I had to clear my throat. ‘Who told you this?’

‘There were other stories,’ he went on. ‘One of them was really quite damaging.’ The room seemed to darken, as often happens in the summer when a cloud blocks the sun; it was November, though, and the weather was overcast and grey. ‘It’s so lurid that I’m sure there can’t be any truth in it. All the same, “no smoke without roast meat”. Do you have that phrase in Sicily?’

‘We have lots of phrases.’

‘Since the Grand Duke’s reputation must be protected at all costs, I’m afraid I have no choice but to investigate the rumours. It would be negligent not to. Luckily, I have men like Stufa at my disposal —’

‘Stufa,’ I said. ‘Of course.’

‘He’s something of an expert in the field.’

‘I’m not sure how impartial he’s going to be.’

Bassetti’s eyebrows lifted. ‘Quite apart from his close connection with the Grand Duke’s family, Stufa’s a highly respected public servant. I’ve no reason to doubt him.’

The meeting had gone worse than I ever could have imagined. I stood up, thinking I should leave.

‘One more thing before you go,’ Bassetti said, all softness now. ‘There’s the small matter of the woman you’ve been seeing …’
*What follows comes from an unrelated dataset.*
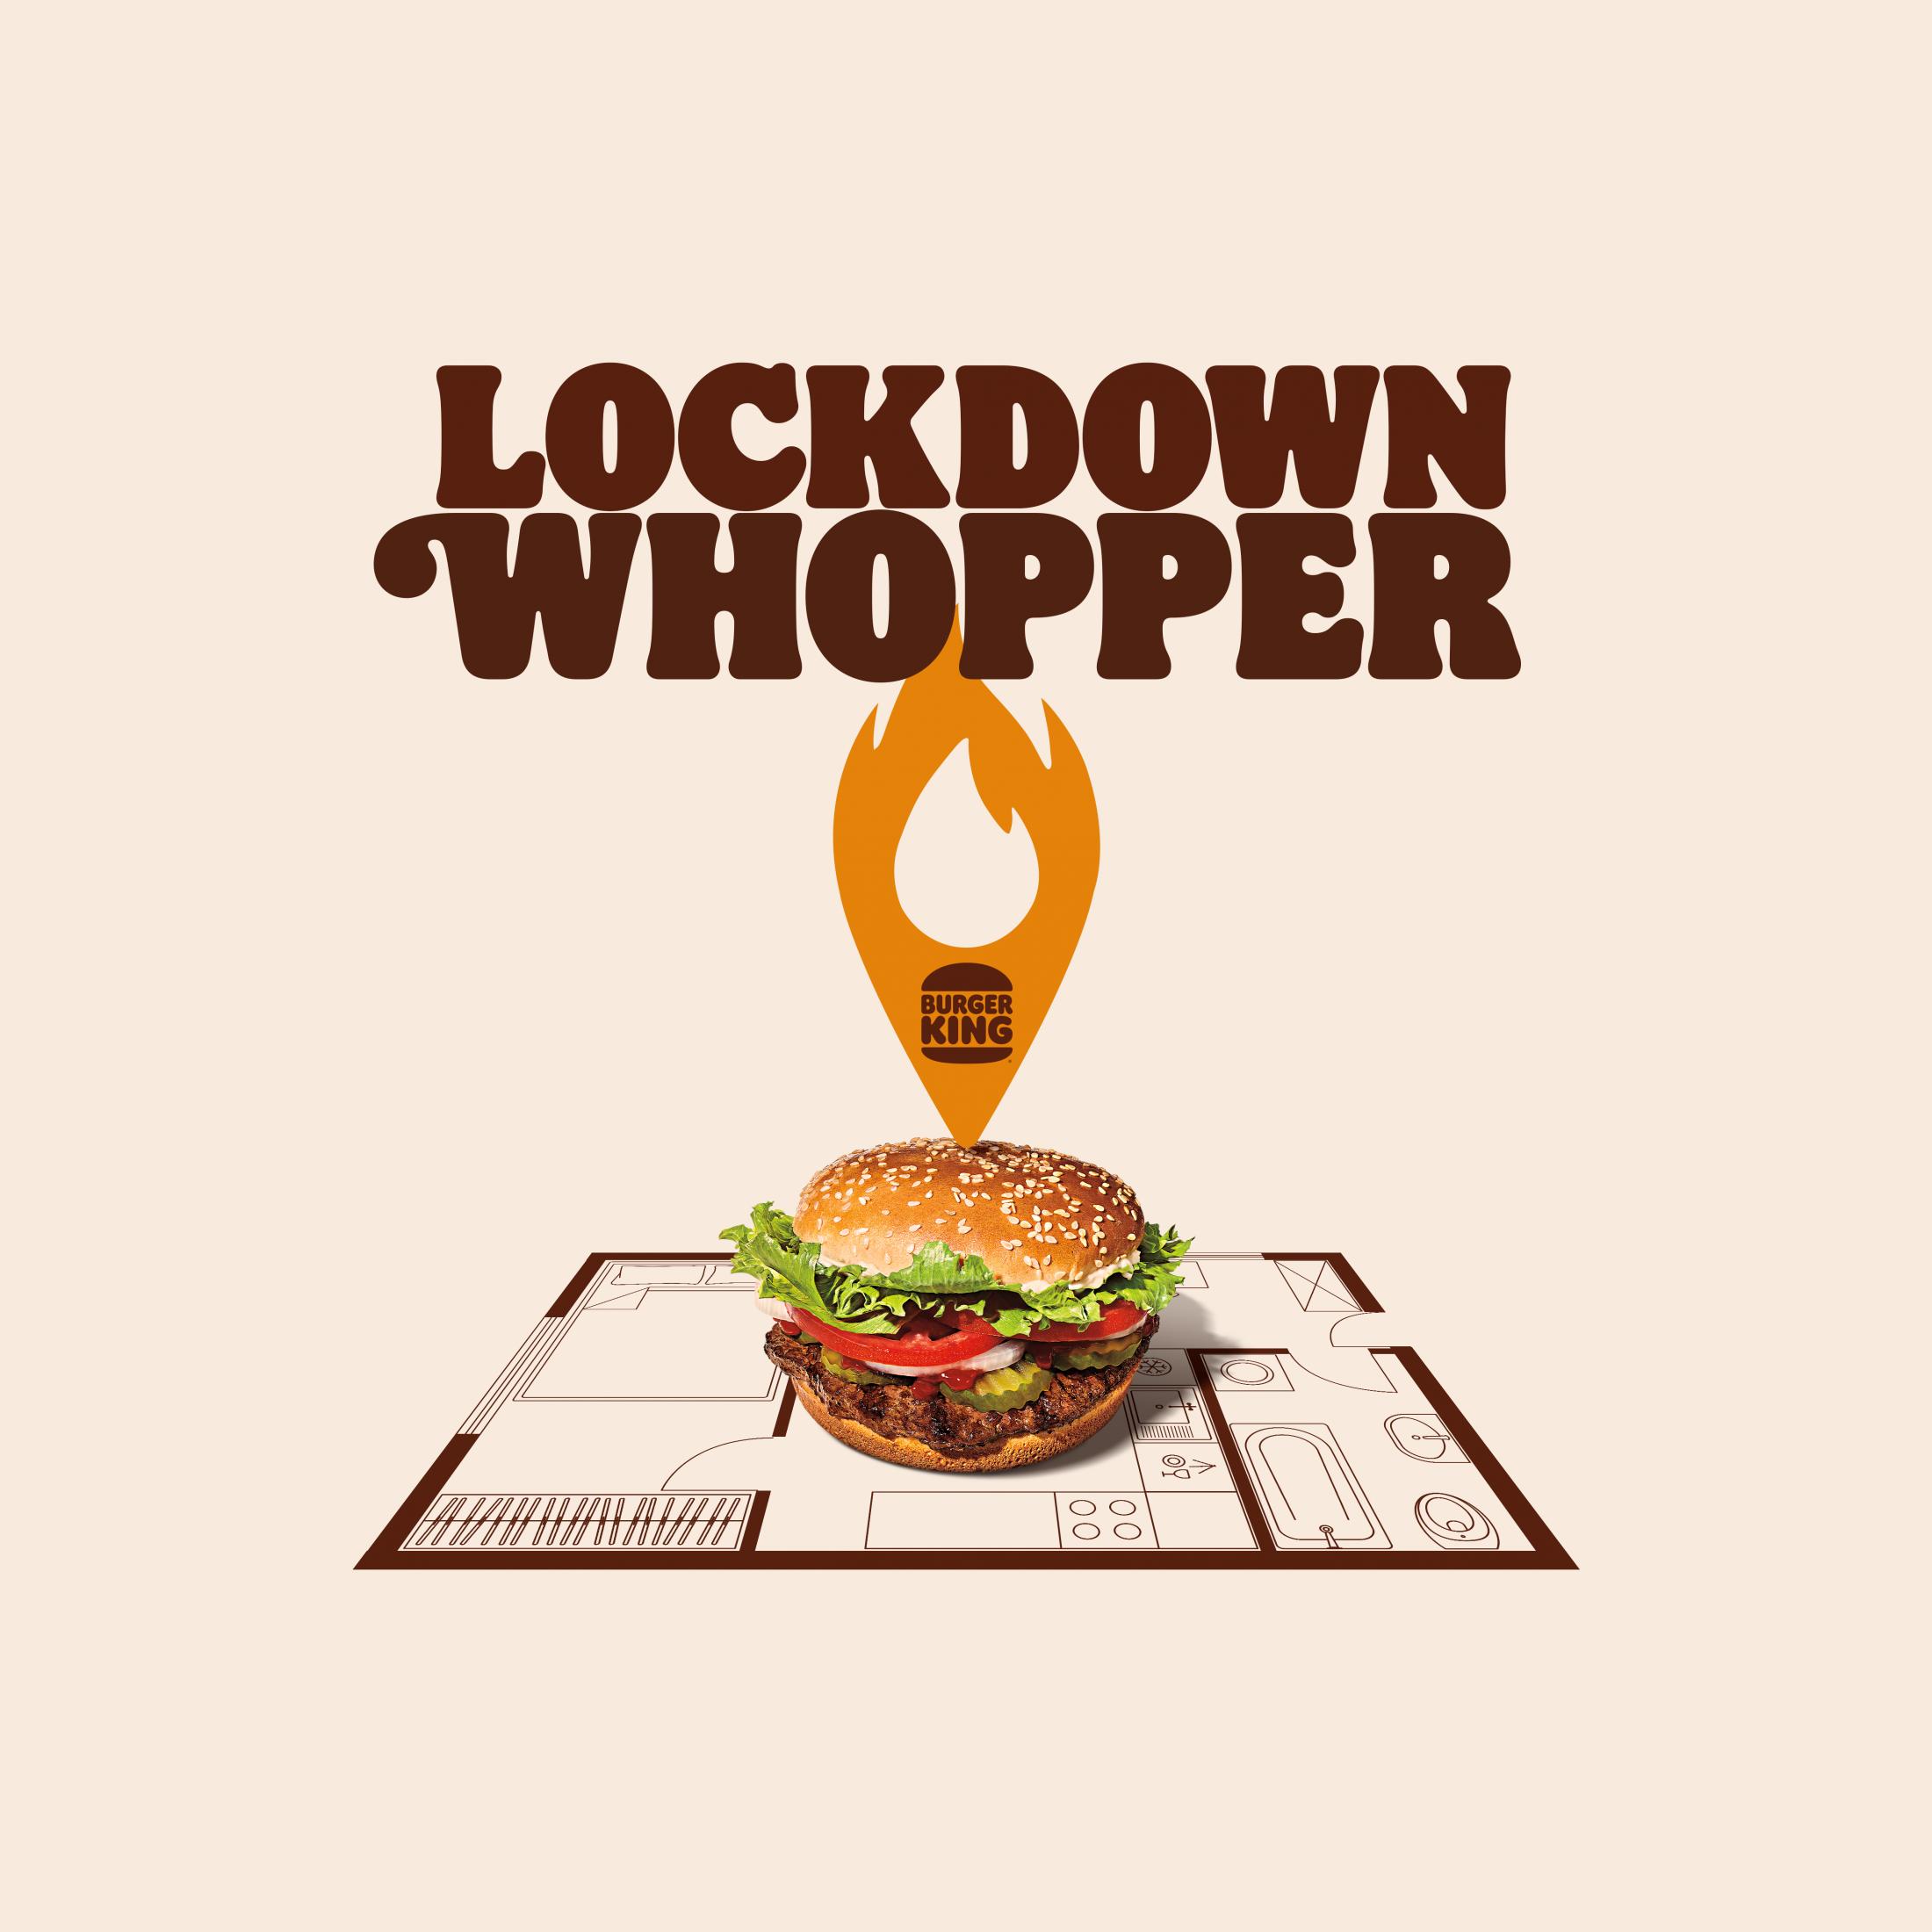 Thumbnail for BK Lockdown Whopper

My heart clenched like a fist.

‘I said “woman”,’ Bassetti went on, ‘but I suppose I should really have said “whore”.’

I reached up and touched my ear. It was important that I appeared calm. Pensive. Mildly intrigued.

‘The apothecary’s daughter.’ Bassetti’s voice was languid, almost bored. ‘I’ve seen her, actually. Quite good-looking, if you like that kind of thing.’

‘I’m not sure who you’ve been listening to,’ I said, ‘but they seem to have got their facts muddled up.’